The fort was one of the must-see stops on my trip to Charleston in December. As a kid, I had always been interested in the Civil War, and while some of my friends could tell you how many home runs Babe Ruth hit in his career, I could tell you a trained soldier was expected to fire three shots per minute out of a muzzleloading musket, and other minutiae and historical trivia.

Riding a ferry to the fort takes the better part of 30 minutes, and my first sight of it was just a low dark spot on the horizon, splitting sea and sky on a nice day.

The walls used to be much taller, mounting guns that protected the harbor from seaborne attack.

But it wouldn’t be seaborne attack on April 12, 1861, that would eventually lead to the fort’s downfall.

Confederate gunners opened fire from other nearby fortifications after a signal shot that exploded over Fort Sumter. When I stood in the fort’s courtyard, surrounded by ruined walls and the evidence of the shelling and fire that ensued, I tried to imagine what the fort must have been like back then.

Once the fort had been shelled for 34 hours, a fire broke out, and Maj. Robert Anderson, the fort’s commander, surrendered his garrison rather than let it be slaughtered.

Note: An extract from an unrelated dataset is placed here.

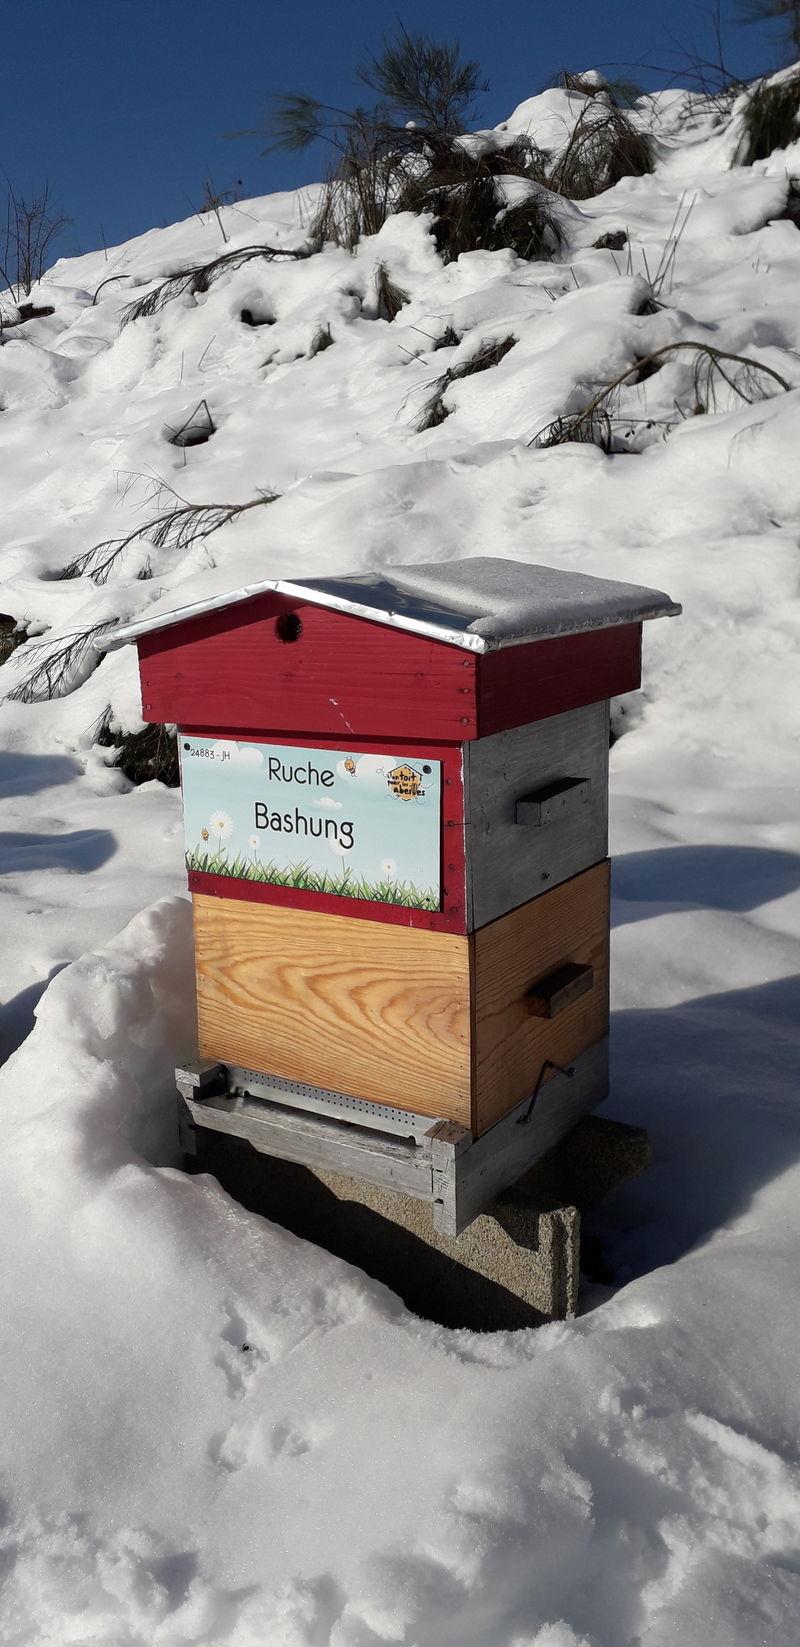 La ruche Bashung

Today, visitors can walk around the fort, climb atop the remains and visit the museum inside, which contains numerous artifacts from the era as well as putting the site into the greater context of the conflict.

Since the fort is a national park, it is well-kept, and guides give free talks and answer questions.

Old forts aren’t at the top of everyone’s travel list, and Charleston has much to offer outside of historical sites (though it has plenty of those). However, Fort Sumter was the first battle in a long war that ended up killing more Americans than any other war in history. If you're at all interested in American history, the site is a must-see.